Колыма ты, Колыма, дальняя планета,
двенадцать месяцев — зима, остальное — лето…

 
   По складу натуры Васек-растратчик был похож на горьковского Луку. Он не упускал случая утешить страдающего ближнего своего. Даже для больных куриной слепотой он находил слова надежды. И его жадно слушали.
   — Ничего, девки, вам только до Колымы добраться бы! Там знаешь как морзверя есть будете? Килами! Прямо в зоне, в бочках стоит, вот как здесь вода! Живой витамин А, спроси хоть лекпома! Для глаз, главное дело, лучше нет. Как сжуешь куска два-три — и все! И забудешь про куриную слепоту.
   И для пожилых женщин, которых в этапе было, правда, немного, но которые страдали больше нас, молодых, Васек-растратчик изыскивал радостные перспективы.
   — Не тушуйся, мамаша, само главно — не тушуйся! На Колыме ты еще не старуха будешь. Там знаешь, как говорится? Сорок градусов — не водка, тысяча верст — не дорога, тысяча рублей — не деньги, шестьдесят градусов — не мороз, а шестьдесят лет — не старуха! Мы тебя, мамаша, еще замуж отдадим, увидишь!
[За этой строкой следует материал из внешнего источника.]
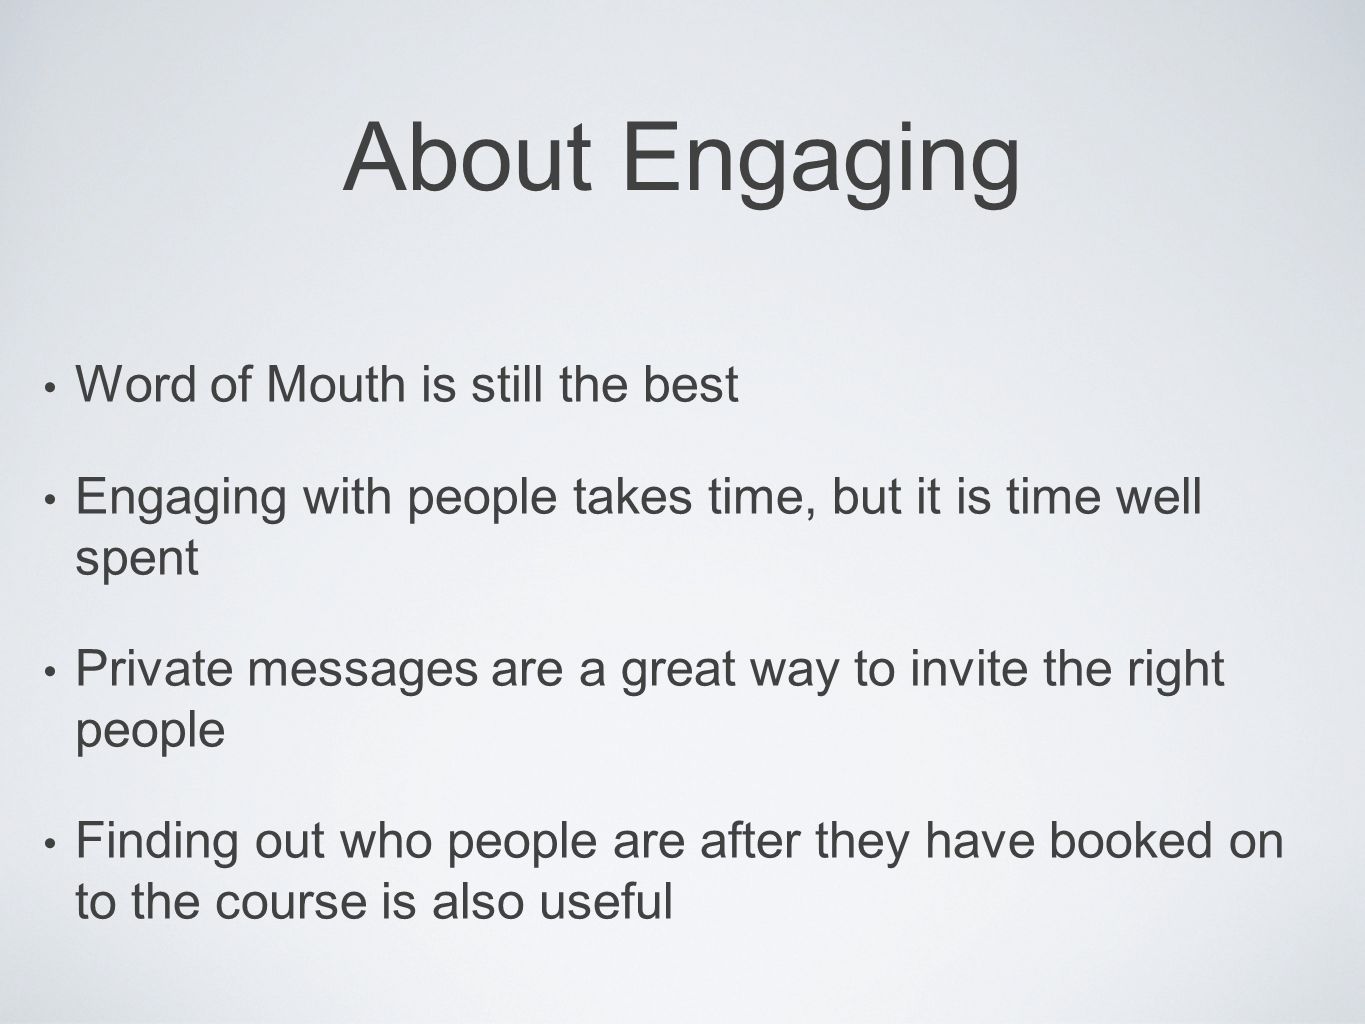 About Engaging Word of Mouth is still the best Engaging with people takes time, but it is time well spent Private messages are a great way to invite the right people Finding out who people are after they have booked on to the course is also useful

   И хотя всем было ясно, что Васьковы рассказы надо, как говорили наши следователи, «перевести на язык тридцать седьмого года», все ж его речи об обетованной земле, стране Колыме, как сладкий яд, проникали в сознание многих.
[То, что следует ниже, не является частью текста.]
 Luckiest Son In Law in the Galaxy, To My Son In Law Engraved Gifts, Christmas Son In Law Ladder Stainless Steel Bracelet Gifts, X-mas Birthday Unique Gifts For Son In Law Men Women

   Все чаще стали наши бредовые ночи наряду со стонами и скрежетанием зубов прорезываться возгласами:
   — Хоть бы уж скорее на Колыму!
   И Васек-растратчик, ведавший этапными списками, стал частенько подмигивать нам, шепча своим утешительным голоском:
   — Скоро уж!


4. Пароход «Джурма»


   Это был старый, видавший виды пароход. Его медные части — поручни, каемки трапов, капитанский рупор — все было тусклое, с прозеленью. Его специальностью была перевозка заключенных, и вокруг него ходили зловещие слухи: о делах, о том, что в этапе умерших зэков бросают акулам даже без мешков.
   Нас почему-то долго не принимали на борт, и мы несколько часов качались в огромных деревянных лодках, стоявших на причале, у набережной. Экипаж «Джурмы» неторопливо подготовлял судно к рейсу. Мы видели матросов, гоняющих по палубе тяжелые веревочные швабры, видели капитана и штурмана, бесцеремонно разглядывавших нас в бинокли.
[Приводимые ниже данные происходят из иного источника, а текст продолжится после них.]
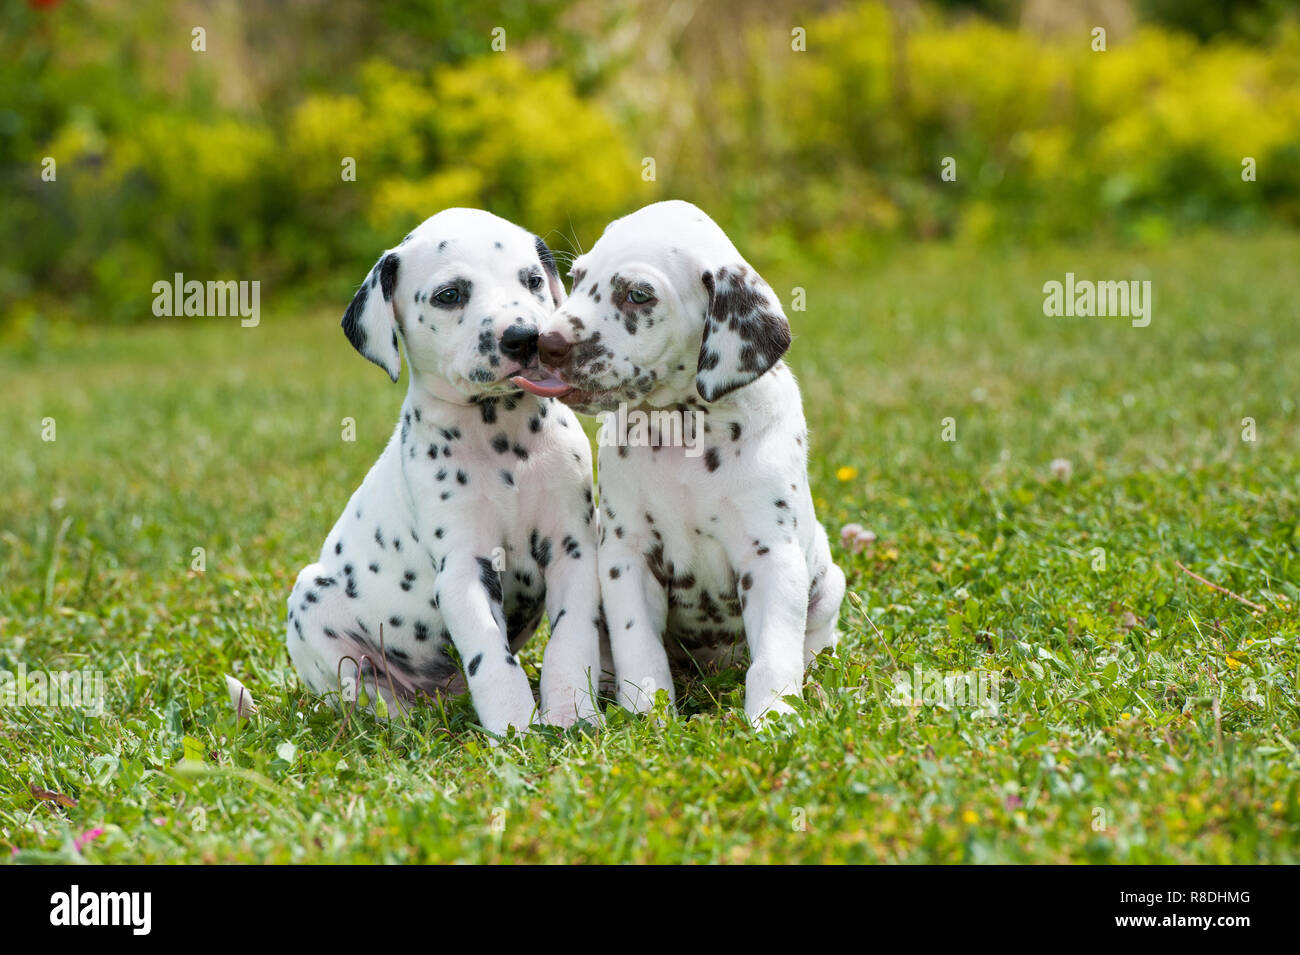 Two dalmatian puppies sitting in a meadow Stock Photo

   День отплытия был пасмурный, с низкими неподвижными тучами над головой. Только временами в тучах возникали промоины и сквозь них просачивались столбы солнечного света. Куски грязновато-серой пены бились об иллюминаторы. Казалось, даже воздух насыщен тревогой и ожиданием беды. И все-таки ко всему примешивалось еще и любопытство. Ведь как бы то ни было, а мне предстоял первый в моей жизни морской переход.
   Сидеть в лодке было очень неудобно и томительно. В тесноте затекали ноги, от голода и морского воздуха кружилась голова и все время подташнивало. Но самое ужасное — это было пение. Даже сейчас, спустя 25 лет, я краснею от стыда при воспоминании об этой «художественной самодеятельности», хотя лично я за нее не в ответе. Ведь это не мне и не моим друзьям пришла в голову идея затянуть задорные комсомольские песни.
   Ира Мухина на воле была балериной, сидела по шестому пункту, за какой-то ужин с иностранными поклонниками своего таланта. Вид открывшихся перед нами водных просторов навел ее на мысль о Волге. Она запела:
   — «Красавица народная, как море полноводная…»
   Несколько голосов подхватило:
   — «Как Родина, свободная…»
   — Замолчите, сейчас же замолчите, — кричала Тамара Варазашвили, — где ваше человеческое достоинство?
   — Чего ты хочешь от этой капеллы из края непуганых идиотов? — с гримасой глубокого отвращения перебивала ее Нина Гвиниашвили.
   Обиженные хористы демонстративно перешли на фортиссимо. Напрасно Аня Атабаева, бывший секретарь райкома партии из Краснодара, пыталась своим басовитым голосом перекричать их, убеждая, что в этой обстановке такое пение о свободной Родине может быть воспринято как насмешка и вызов.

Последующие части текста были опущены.